Listening: What’s the Point?
When I first joined The Colossian Forum, I encountered the notion that conversation is a good thing, something to be sought and nurtured. But why exactly is conversation good?
I let this question simmer on the backburner for a while, taking as a provisional answer that conversation is good because I always have something to learn from others. This is undoubtedly true. I have limited vision; my perspective is distorted; my tiny breadth of experience can’t begin to touch the limitless expanse of reality. By talking with others—even others who have their own limitations and distortions—I can compensate to some degree for my own limitations, because others have insights where I have blind spots. We complement one another.
Surely this is true. There is no one from whom I cannot learn.
But somehow this rings a little hollow. Isn’t it rather ego-centric? Are the words of others only of value insofar as they help me? Are other people only tools for my own self-improvement?
Back in 2010, I attended a lecture by William Tecumseh Fitch on the development of language. The lecture did not focus on the history of the variety of languages, where they came from, why they differ, and so on. Rather, he spoke about the question of language itself. What is it about humans that makes us talkers? Fitch examined the physical requirements of speech, accompanied by entertaining references to talking parrots and Hoover the seal, who spoke with a heavy New England accent. Fitch talked about the necessary grey matter for forming words—and, on the other side, for hearing and understanding the words of others. There is also a necessary depth of social interconnections for the development of shared language. In none of this do humans stick out as uniquely suited for developing language. So what is it about humans that makes us so peculiarly talkative?
Fitch pointed to one peculiar trait of humans, which he could only express in German: Mitteilungsbedürfnis. We have a driving need, deep within our being, as irresistible to us as our basic bodily requirements, to express ourselves. We are driven to pour ourselves out to others in words.

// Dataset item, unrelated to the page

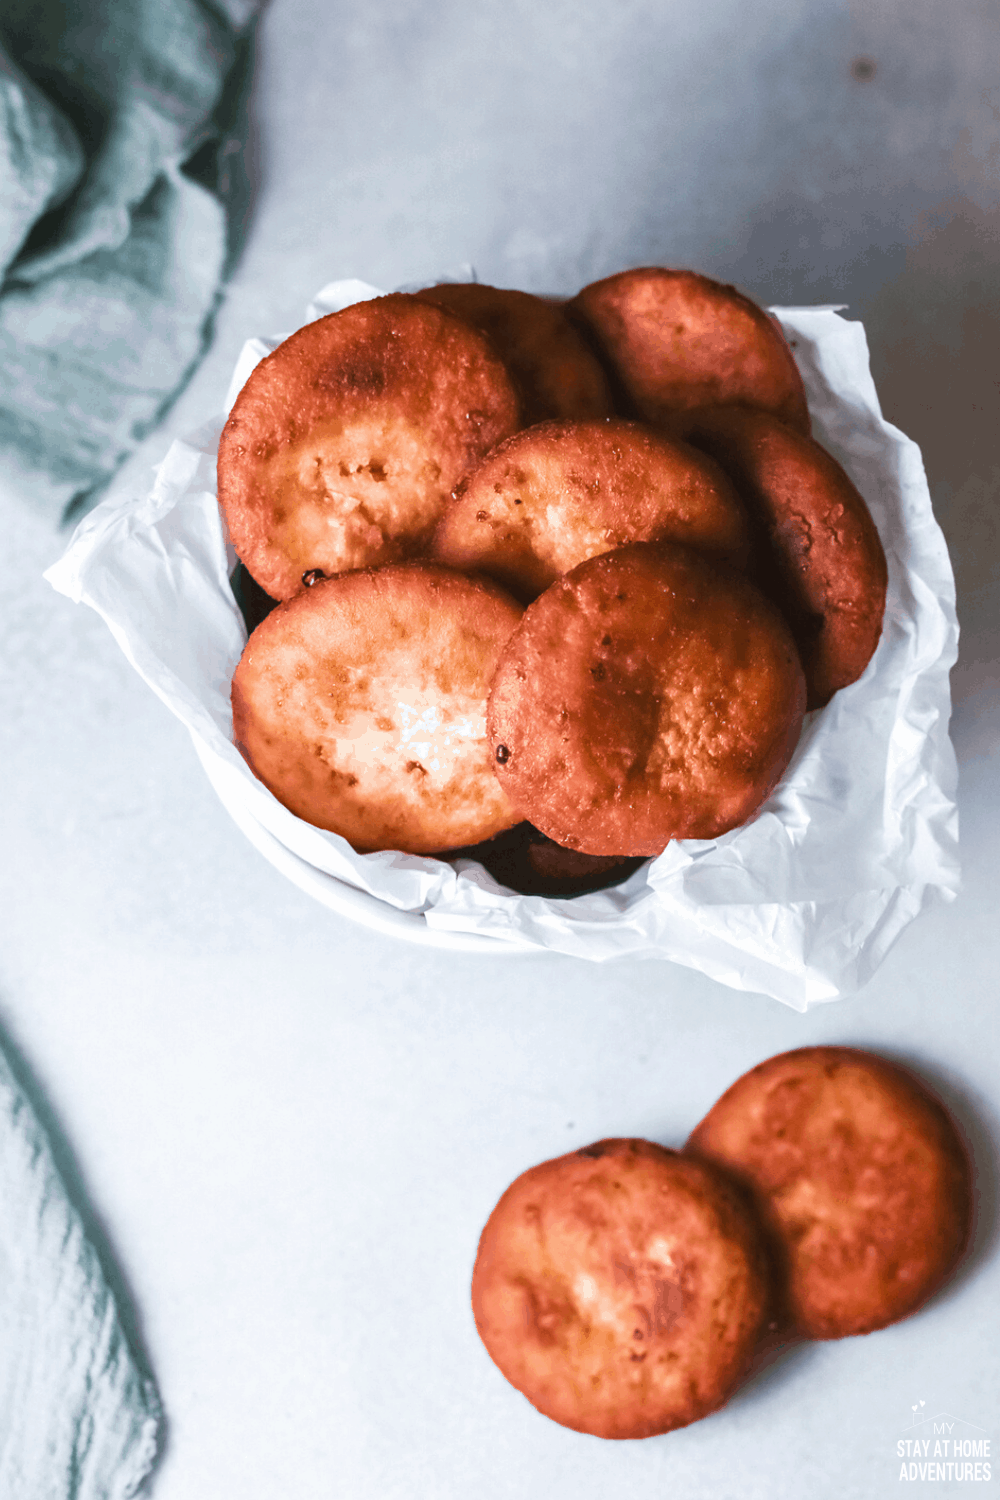 This Arepas de Coco Recipe (Puerto Rican coconut fry bread) contains cinnamon, coconut milk, brown sugar and is fried to perfection. via @mystayathome

I remember when our eldest daughter was a year and a half old. She had a remarkable capacity for baby signing. I must admit this whole thing was uncanny for me: the very idea that children have things to say before their mouths and tongues can form the words! When our daughter had a vocabulary of some 20 words or so, she would pore over a picture book, searching with focused passion, scrutinizing each page. She was looking for something, anything, that she could say with one of her signs. Finally she’d find it: an apple, a dog, water, or a baby, and she’d look up at us, make the appropriate sign and say, “Dah!” What a smile and gleam in her eye! She had a driving urge to connect with us and the combination of a “word” and a picture did the job. She was thrilled by the confirmation that she had communicated something from her mind to ours. Mitteilungsbedürfnis. The need to say something that is understood by another.

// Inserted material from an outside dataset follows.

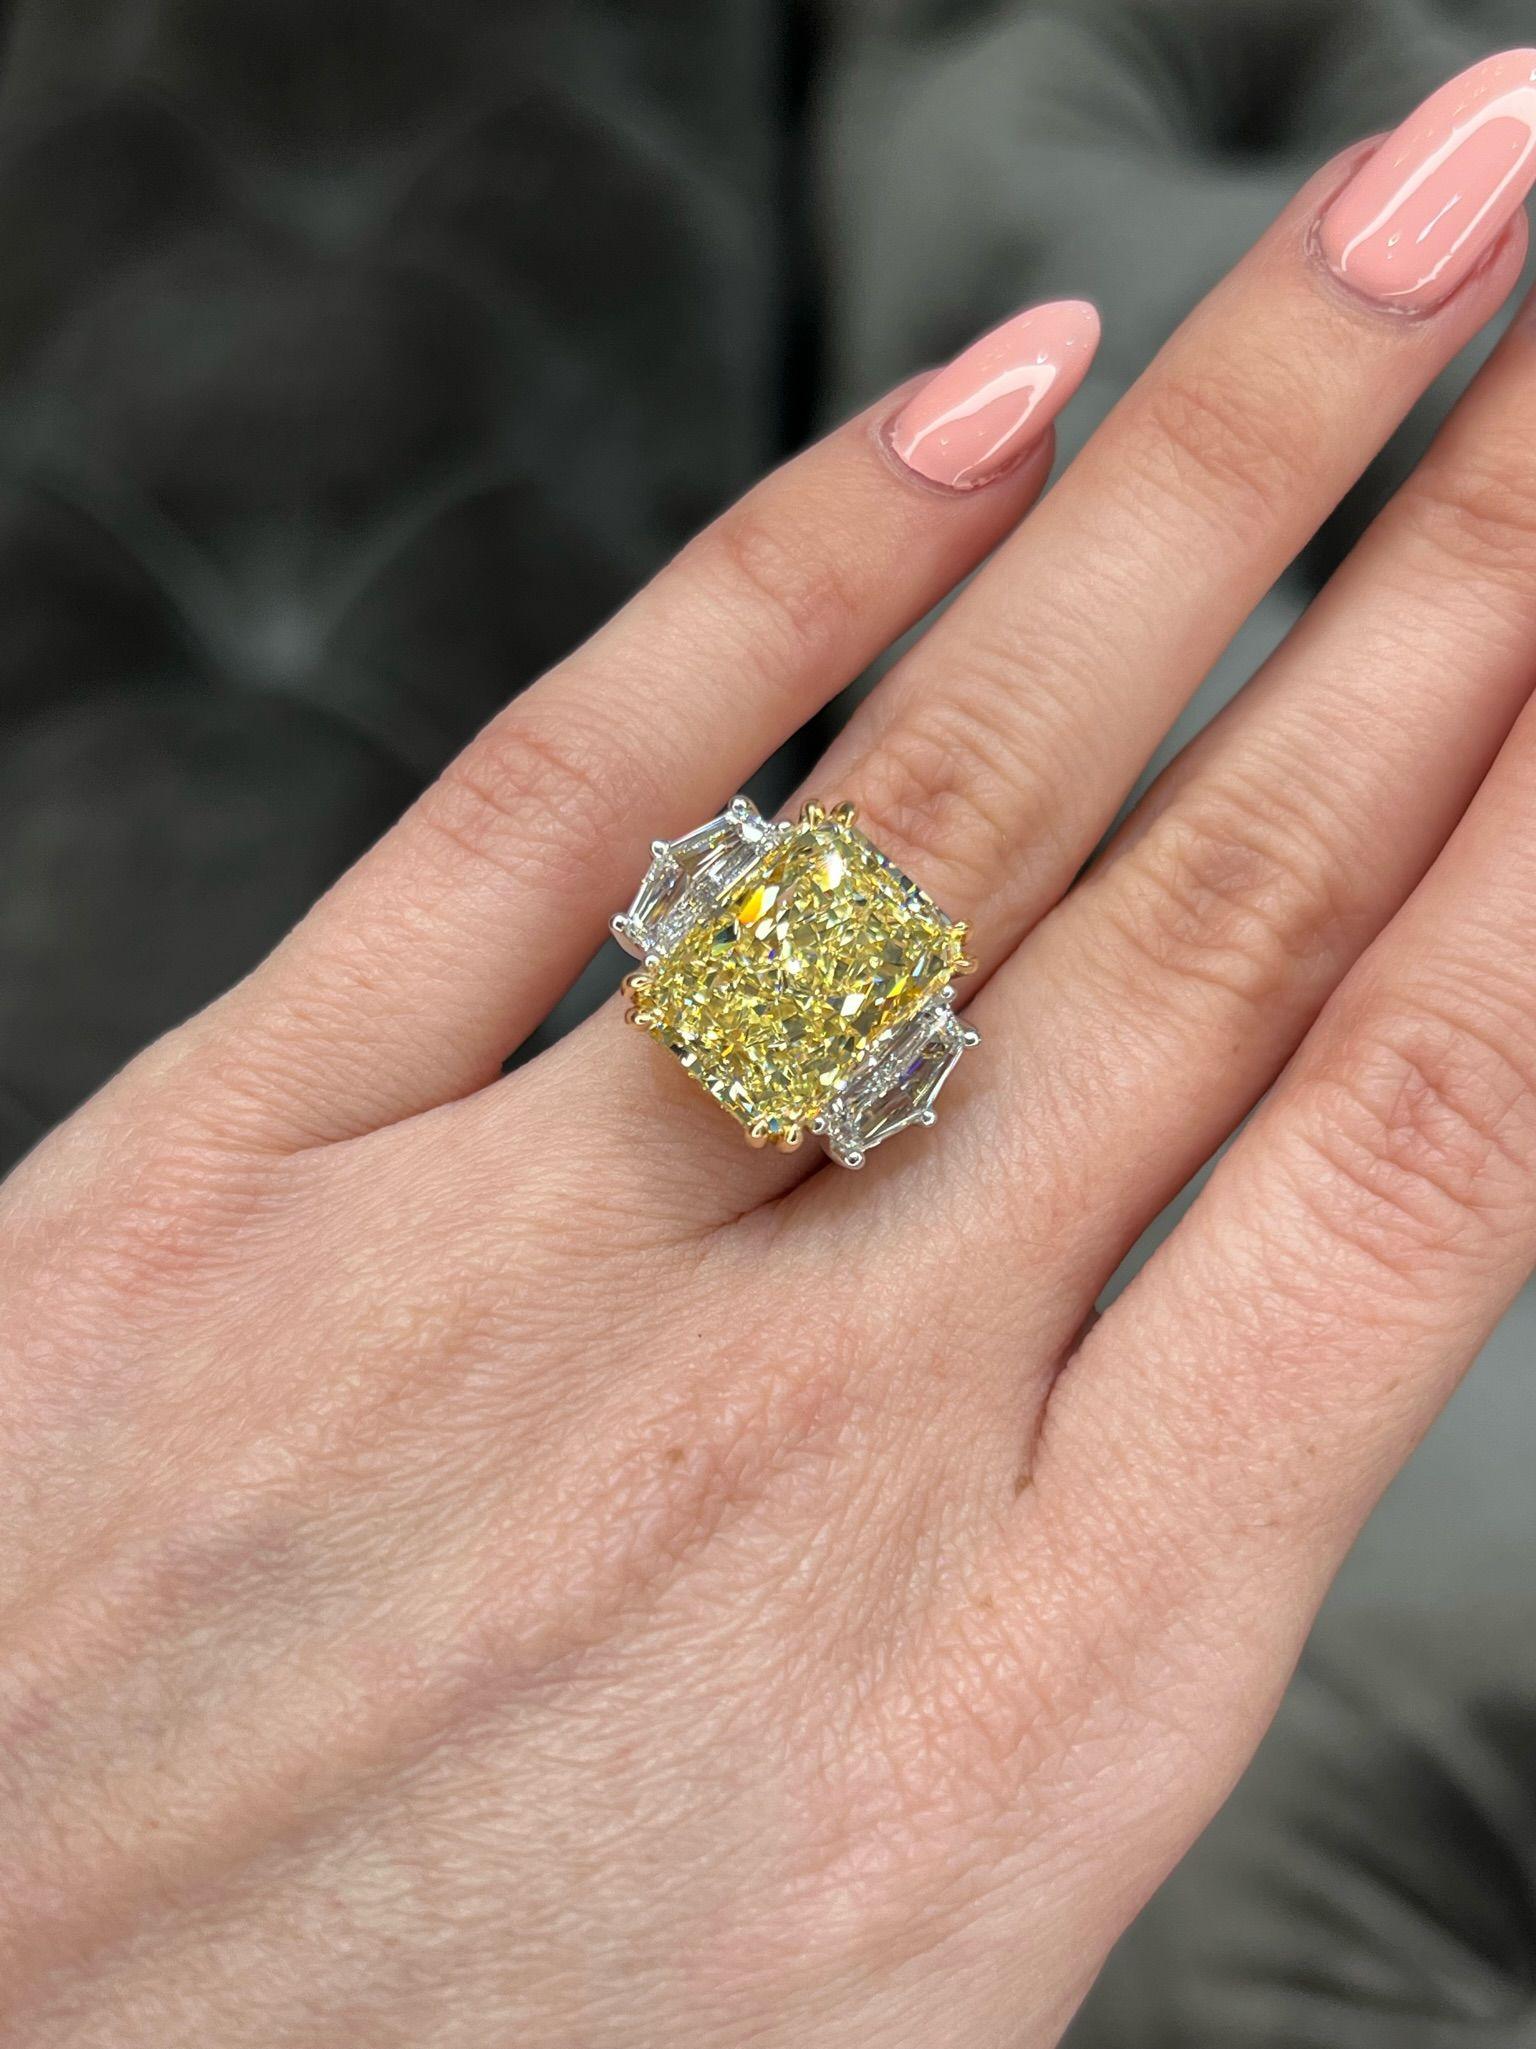 David Rosenberg 11.18 Radiant Fancy Yellow VVS2 GIA Diamond Engagement Ring For Sale 4

So maybe there’s a value to listening that has nothing to do with learning something. Maybe it is good to listen simply because people need to talk.
We all need to connect with other human beings. We need to know, even if only for brief moments, that our being is aligned with another’s. There are things deep within us, not necessarily profound in and of themselves, that we need other people to truly hear.

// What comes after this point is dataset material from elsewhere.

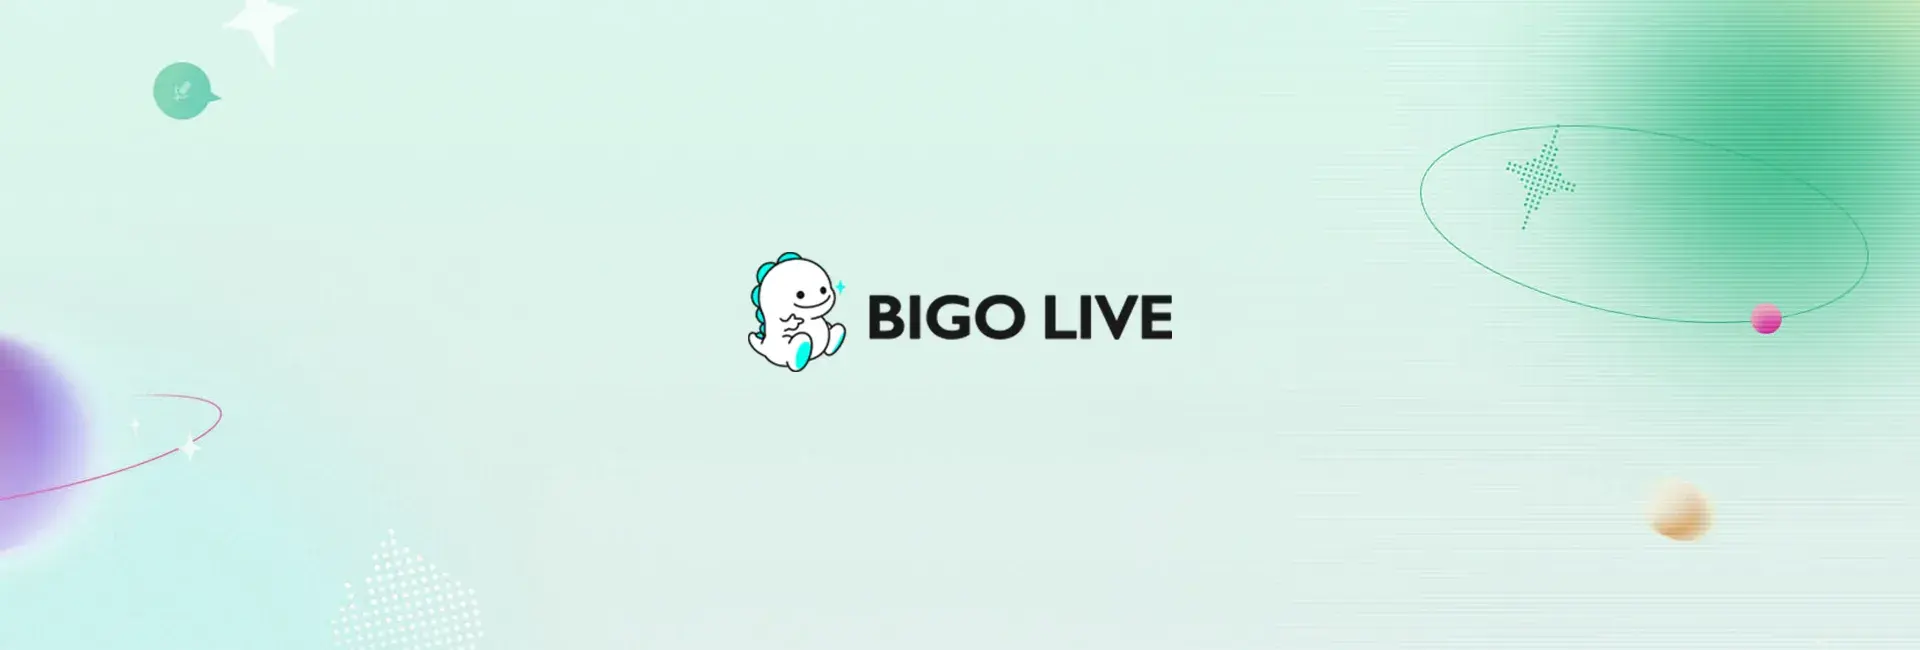 Bigo Live - 8000 Diamonds (Global)

I wonder if this has something to do with the mystery of prayer. After all, why would God listen to us if he already knows what we want, what we’re going to say before we say it (cf. Psalm 139:4)? Maybe the invitation to prayer is God giving us permission to speak with the promise that he will listen. Even if he already knows, we still need to say it.
The work of The Colossian Forum centers on developing our capacity to discuss difficult things. I’m finding it is much easier for most people to talk than to listen. Talking comes pretty naturally and maybe it is as necessary for us as breathing. But what’s the point of talking if nobody is really listening?
If we’re willing to listen to others we might very well learn something, maybe some very profound somethings. But even if we don’t, I think it might be worthwhile to listen nonetheless. We love strangers because they are people like us, people who need to be heard.